# Supplied material
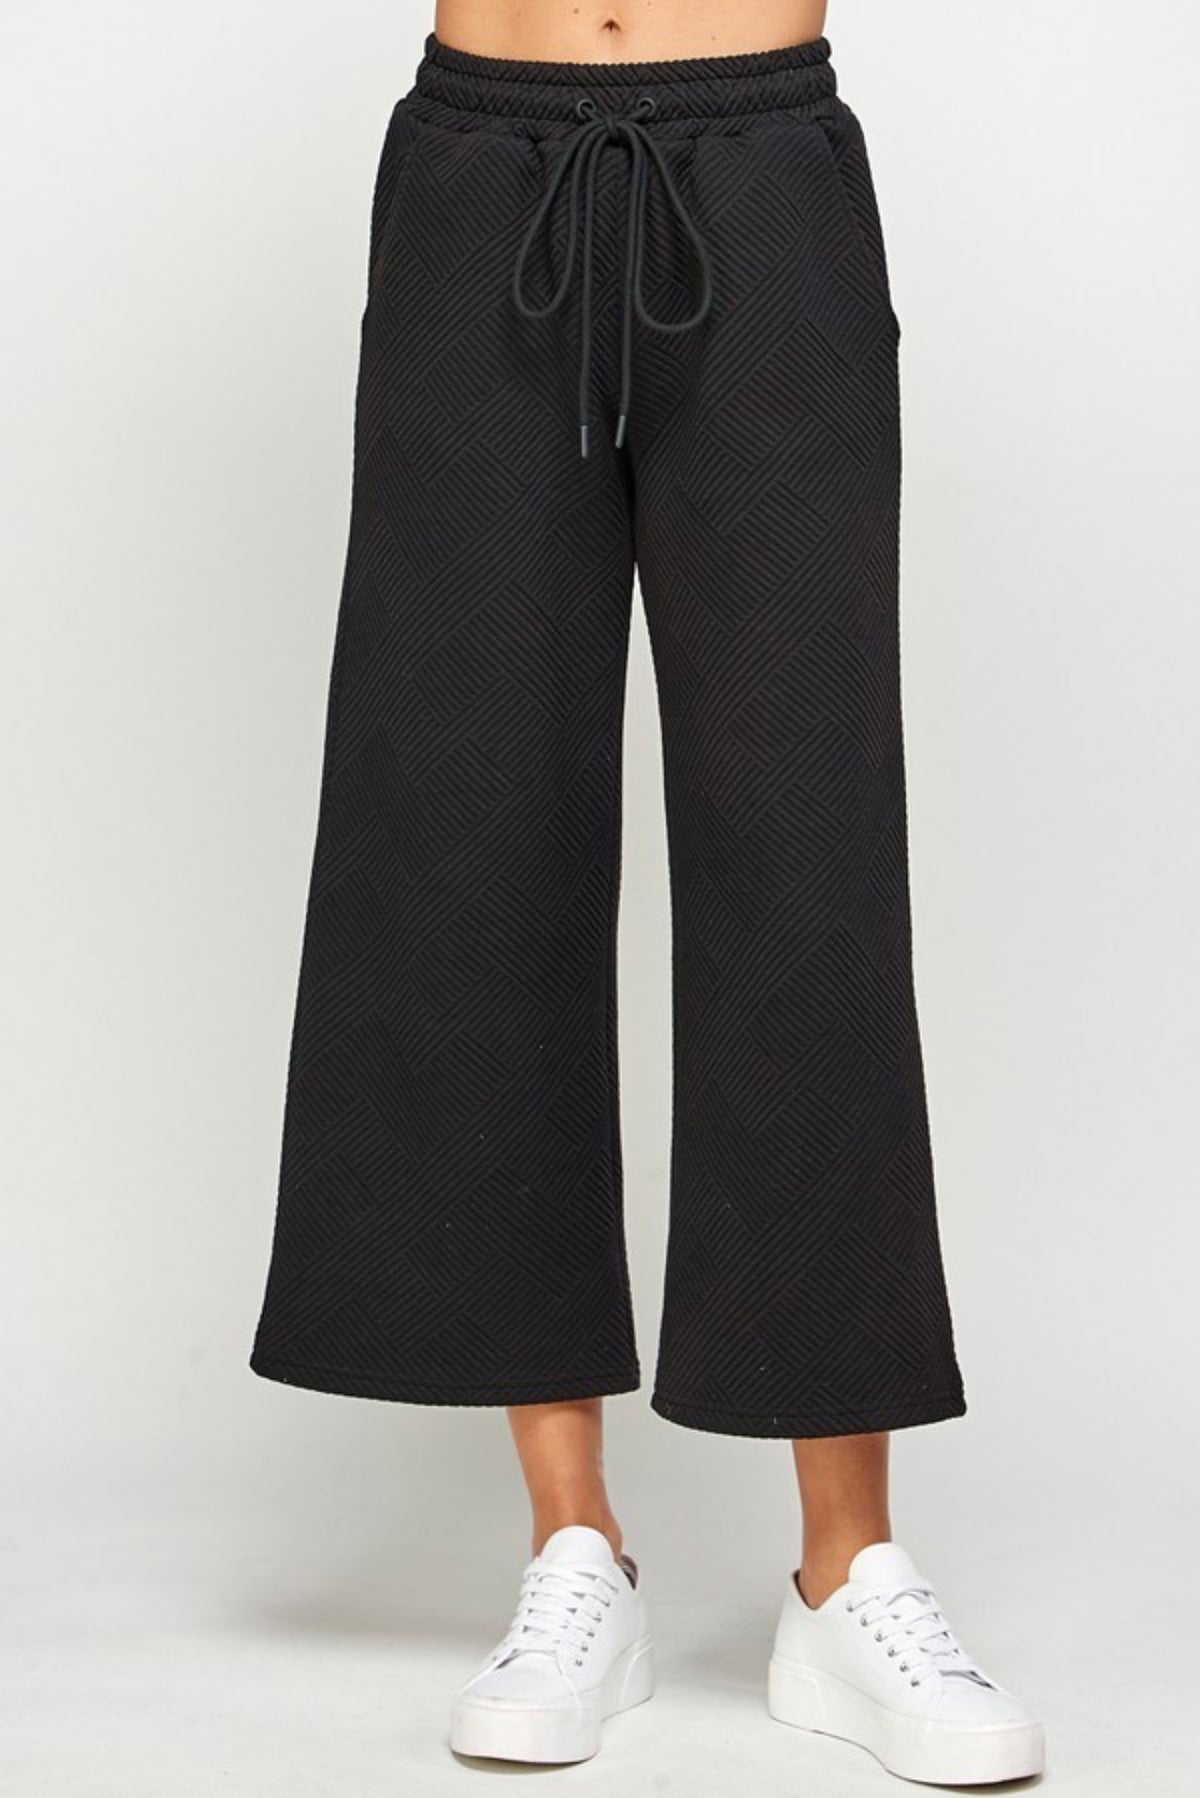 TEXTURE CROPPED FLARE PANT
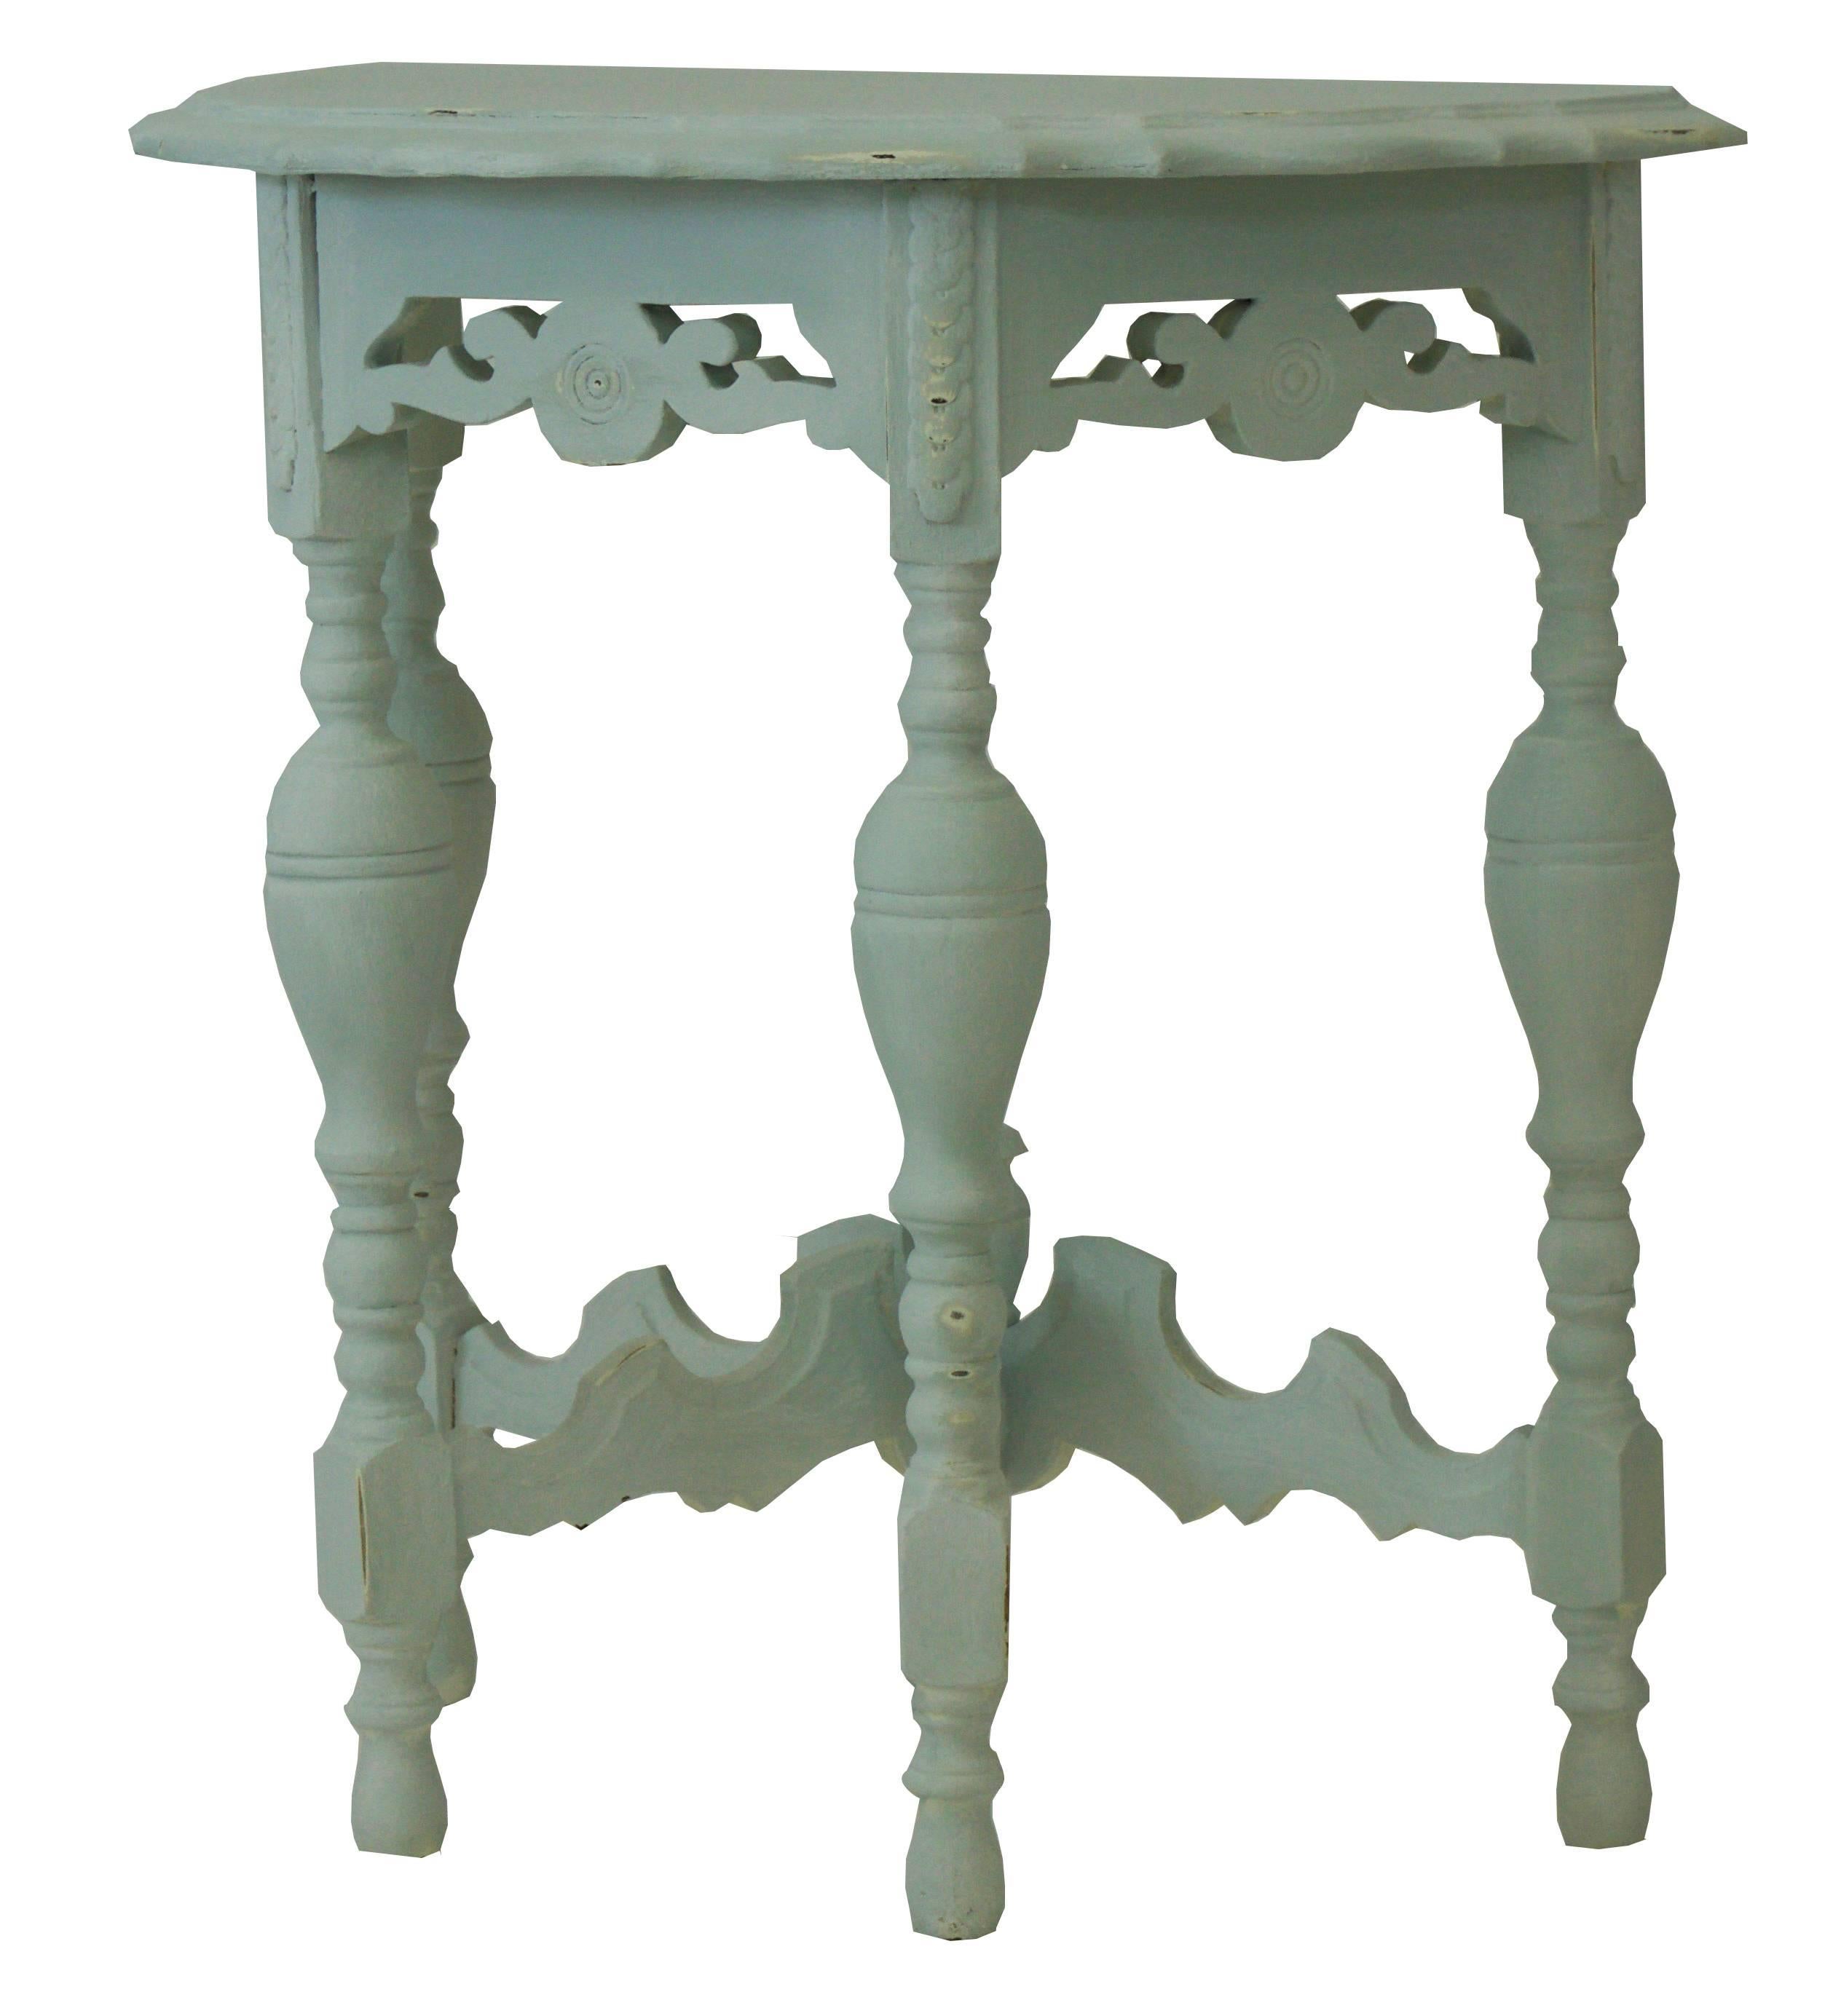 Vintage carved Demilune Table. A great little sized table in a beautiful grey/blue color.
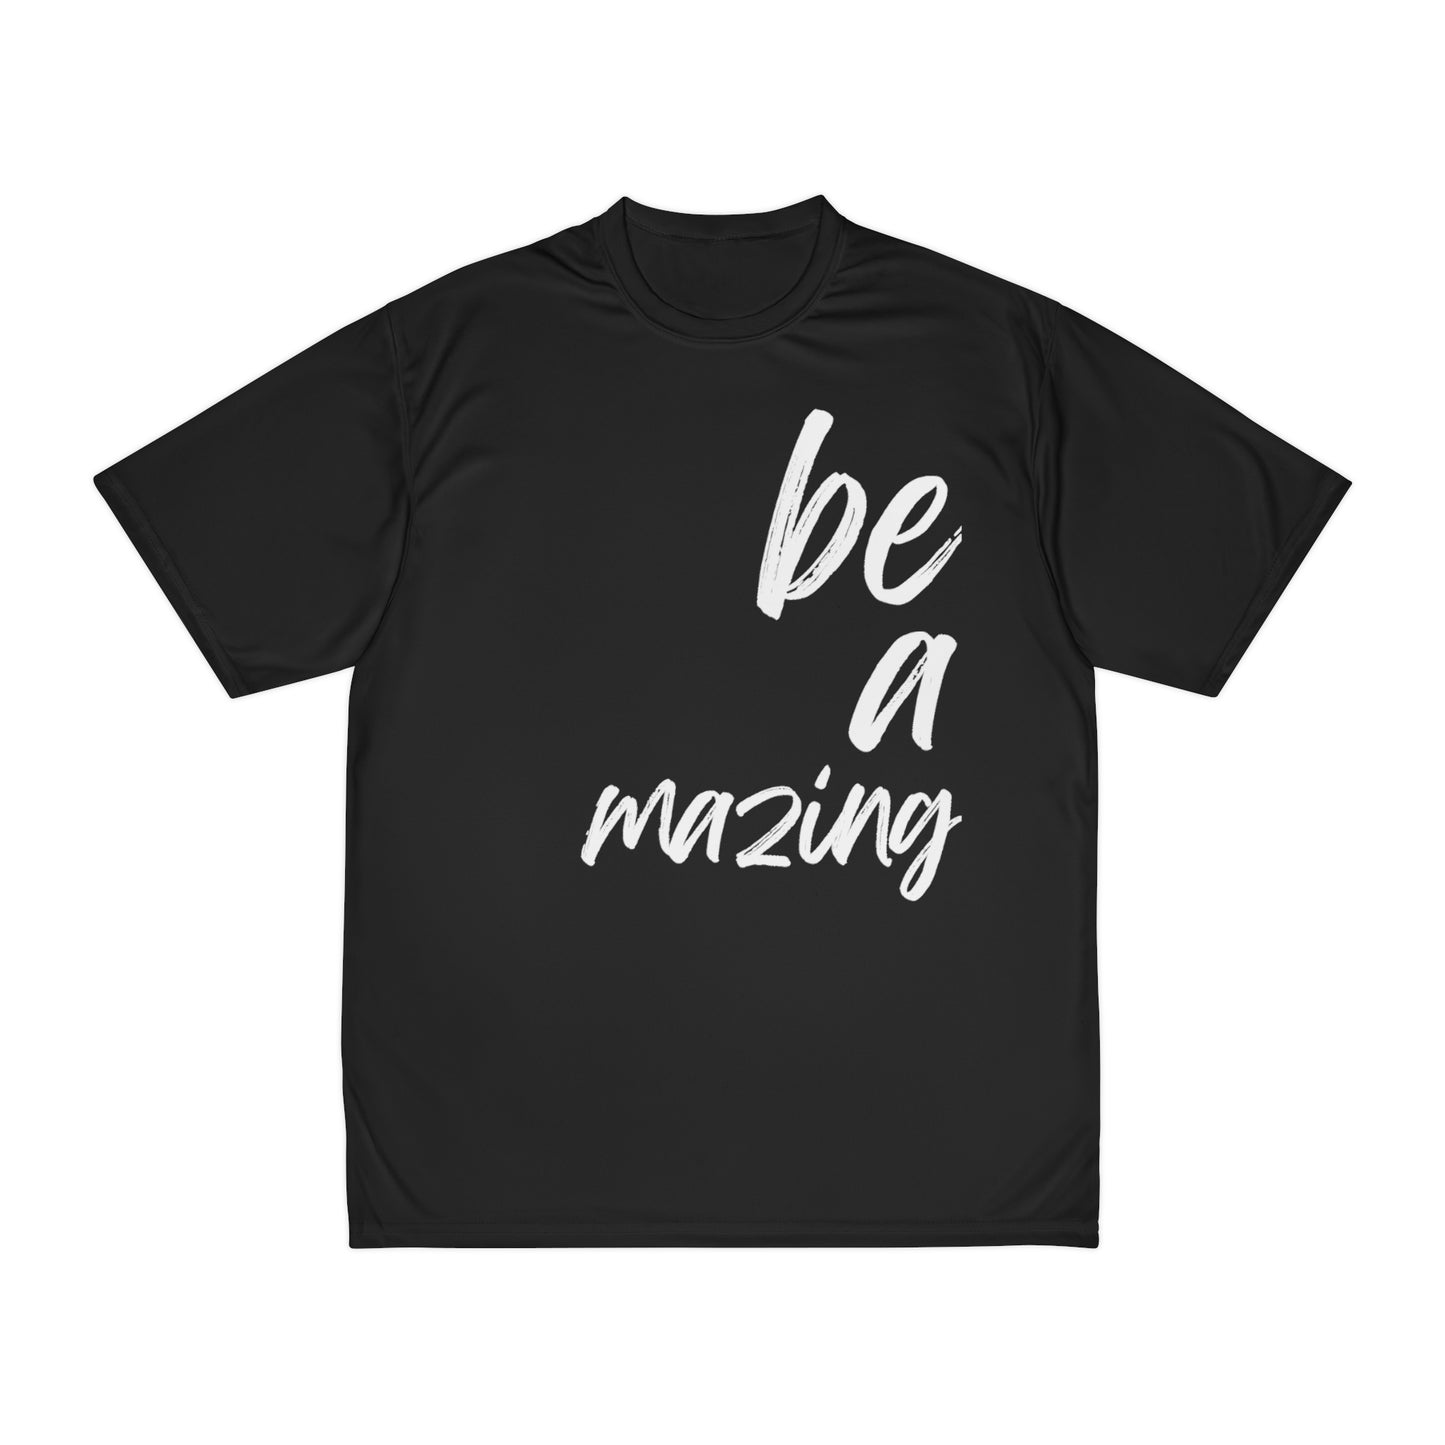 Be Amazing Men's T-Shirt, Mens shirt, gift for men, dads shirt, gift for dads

# Goal of the exercise
Quote the material exactly. Pictures stay out.

# Response box
 TEXTURE CROPPED FLARE PANT
 Vintage carved Demilune Table. A great little sized table in a beautiful grey/blue color.
 Be Amazing Men's T-Shirt, Mens shirt, gift for men, dads shirt, gift for dads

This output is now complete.